Monday, March 12, 2007

Never ever never ever...

No kidding. Never ever do that. Never. Ever. Seriously. Again, no kidding.

Big NO-NO.

BAD. REAL bad. Don't do that.

Ok, it may be good for a team or a company, but this is not good for you. Yes. No kidding.

NEVER OWN A PIECE THAT HOSTS EVERYBODY ELSE'S CODE.

I did. And I tel you, do not do that. Really.

Let's imagine you own a Windows service, like NT service. And it has a mechanism to host code of everybody else in the team. Guess, what comes next?

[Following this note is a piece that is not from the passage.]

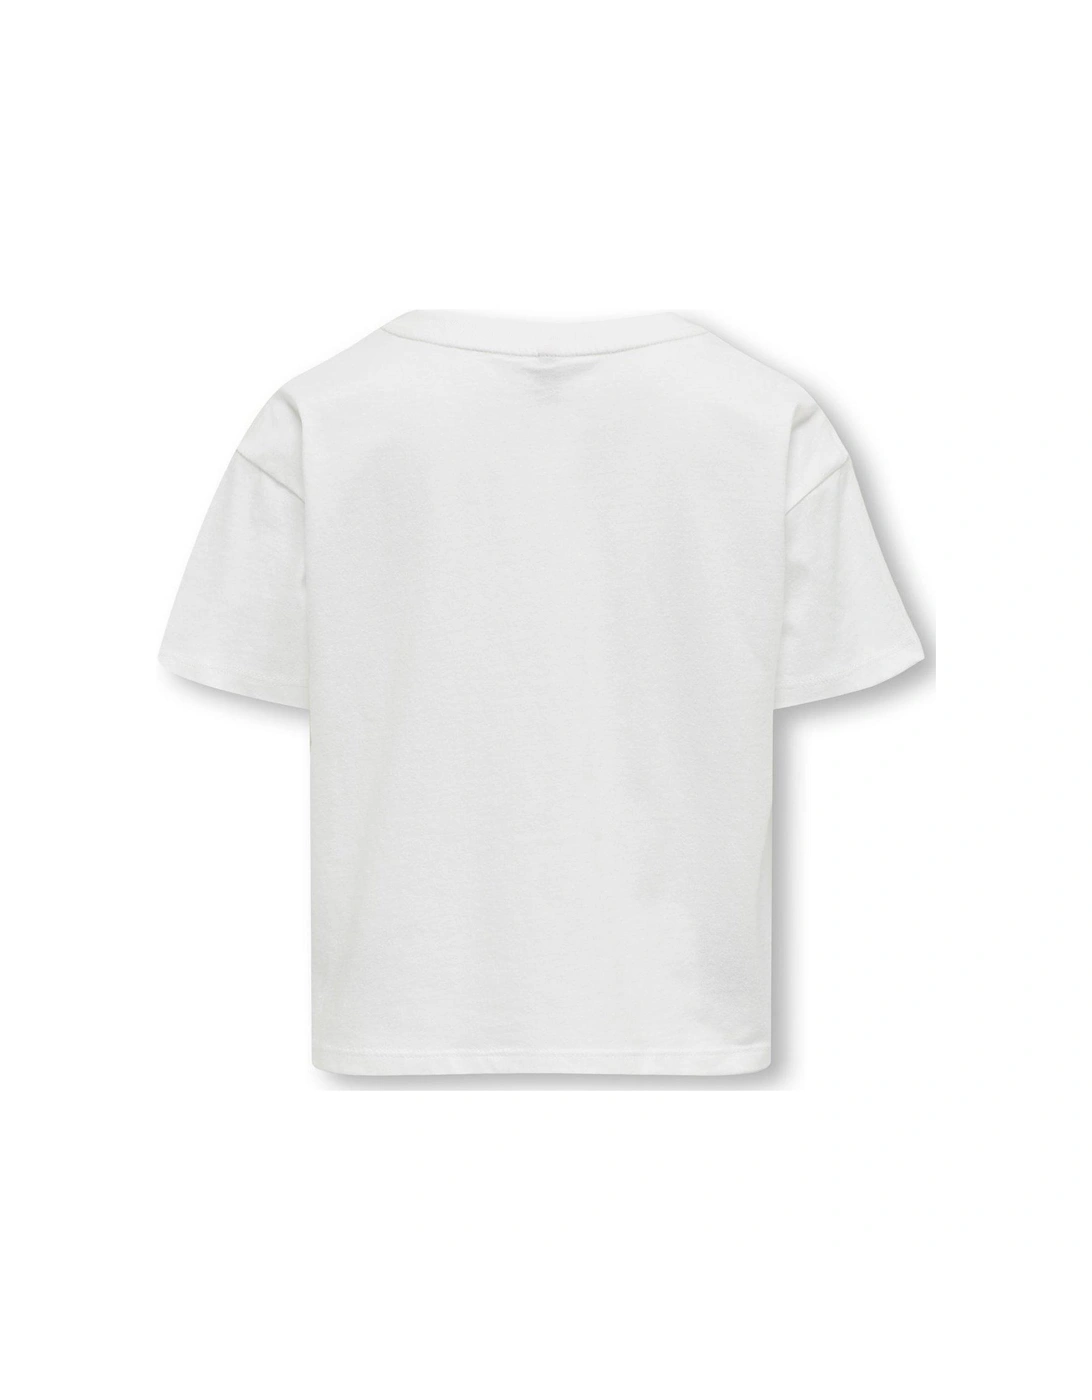 Girls Heart Print Short Sleeve Tshirt - Bright White

So, every idiot puts BAD code inside, and then -- naturally -- it breaks. If you work in a good company (like I do now), testers start to scream. Otherwise - customers, which is even worse. Anyway, somebody screams, and guess, what do they scream?

"YOUR service BROKE!!!!"

It's ridiculous how much of modern software development career is about visibility and how little of it is about really doing the stuff. In a few months you train testers to look into the logs and file the bugs against those, who created the problem. Yes, they are in the logs. Clearly. Black on white. Like "XXX.c line YY access violation...", and you look into version control and see the name of the guy, who last changed XXX.c. Easy, right? Not for those crying "Your service broke!!!"

Anyway, in the end, every bug is YOURS and every fix is THEIRS.

I'd love to ignore this, in fact, I tried it, well.... it DOES NOT WORK.

Don't do that. Let others pick their own crap.

Really.

No kidding.

Well, maybe at some other company in some better time... like another universe... but not now.

Do yourself a favor.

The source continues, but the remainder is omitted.